In explaining my vote, I emphasized that the Bill of Rights stands supreme over all the powers of government. And nowhere was the precept more apposite than in the case of CJ Corona, where the government had mustered all the resources at its disposal, not only legal, but also political, not only to secure evidence against the Chief Justice, but also to ensure his conviction.
Kung Chief Justice ng Supreme Court kayang pagtulungan at tirisin ng pamahalaan gamit ang kanyang todong-lakas, paano pa kaya ang isang pangkaraniwan at malilit na tao, ang mga walang pangalan, na walang mukha, at mga mahihirap na akusado?
Kaya bilang mga Public Attorney ng bayan, ako ang unang-una na magtataguyod sa kahahalagahan ninyo sa bayan. Ituloy lang ninyo ang inyong ginagawang mahalagang serbisyo para sa ating mga kababayan.
‘Ika nga, “i-Push n’yo lang ‘yan!”
Sabi ni William Blackstone sa kanyang legendary “Blackstone’s ratio”: “It is better that ten guilty persons escape than one innocent one suffer”!
And to quote Justice Oliver Wendell Holmes: “I think it is less evil that some criminals should escape than that the government should play an ignoble part.”
On a final note, please allow me to make the following appeal to all Public Attorneys, especially to Chief Percy, in her capacity as the leader of all public defenders of our country.
It has been observed that our country is suffering from dismal and declining agricultural sector. Part of the reason is because our farmers are being dispossessed by oppressive landowners of their farm lots, which is their main source of livelihood.
Throughout the country, underpayment of wages and other monetary benefits under the law are prevalent. Minimum wage na nga, hindi pa binabayaran. Pati hulog sa SSS, PhilHealth at Pag-IBIG, hindi na rin ibinibigay.
Oppressive contractualization, the so-called “5-5-5” labor contract, which stifles and defeats the constitutional guaranty of security of tenure, is not only becoming rampant, but is now more so, the industry’s standard to which DOLE seems to want to turn a blind eye. Nowadays, the prospect of “ENDO” or “end of contract” is as loathed and detested by Filipino employees, just the same as they fear and dread the threat of illegal dismissal.

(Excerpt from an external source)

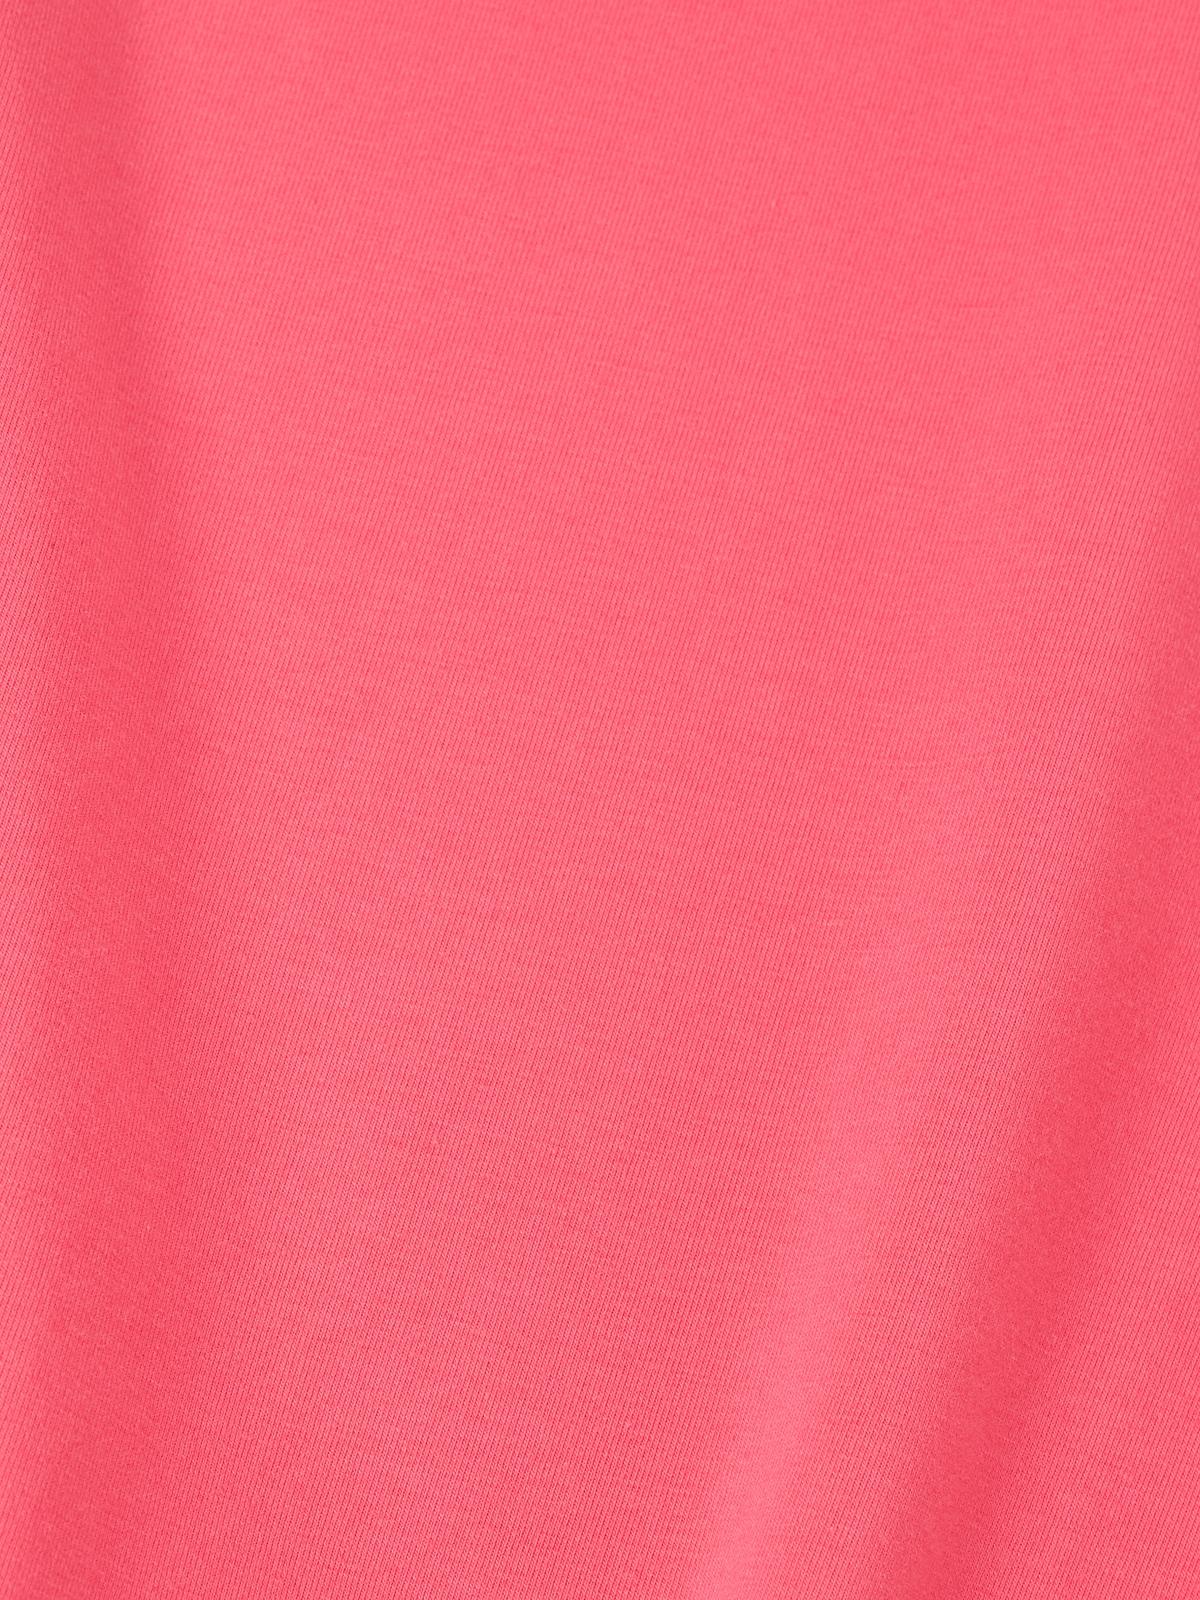 Crew Neck Basic Top Pink

Sa katunayan, kung ako ay maihahalal bilang Pangalawang-Pangulo ng ating Republika, gusto ko sana makatulong sa ating DOLE sa pagpapalakas ng ating paggawa at empleyo, sa pagpaparami ng trabaho, at sa pangangalaga ng mga manggagawa sa ating bansa.
Every day, poor people and informal settler families get evicted from their homes, through the use of violence and intimidation. Worst of all, all these happen even with the constitutional guaranty and the promise of the State to provide affordable and decent housing and resettlement to all underprivileged and homeless Filipinos.
Now, these are “little guys”, lowly farmers, the underpaid and the oppressed laborers, the homeless and informal settler families threatened by eviction, they are all your clientele.
Protect them from the scourge of unbridled capitalism and urbanization, and uphold their rights under the Constitution and of our laws. Kayo po ang pag-asa nila. Inaasa nila ang kanilang buong buhay at kinabukasan sa inyo, mga magigiting na Pampublikong Tagapagtanggol, tulad ng mga akusado na mga walang pambayad ng sariling abogado na siya ring umaasa sa inyo.
Through your mandate of providing effective legal services to the poor and underprivileged, not only do you ensure the primacy of the rights of the individual vis-à-vis the State. You also indispensably participate in social reform. Gradually and steadily, you will help make the government realize the very prevalent and alarming social problems that we are facing now as a nation, and force the government’s hand to address such problems in a timely and effective way.
Mabuhay kayong lahat, mga Public Attorneys, sa Public Attorneys Office at ng Public Attorneys sa buong bansa!
Maghari nawa ang hustisya at katarungan ng ating bansa ay nasa inyong kamay!
Maraming salamat at magandang gabi po sa inyong lahat.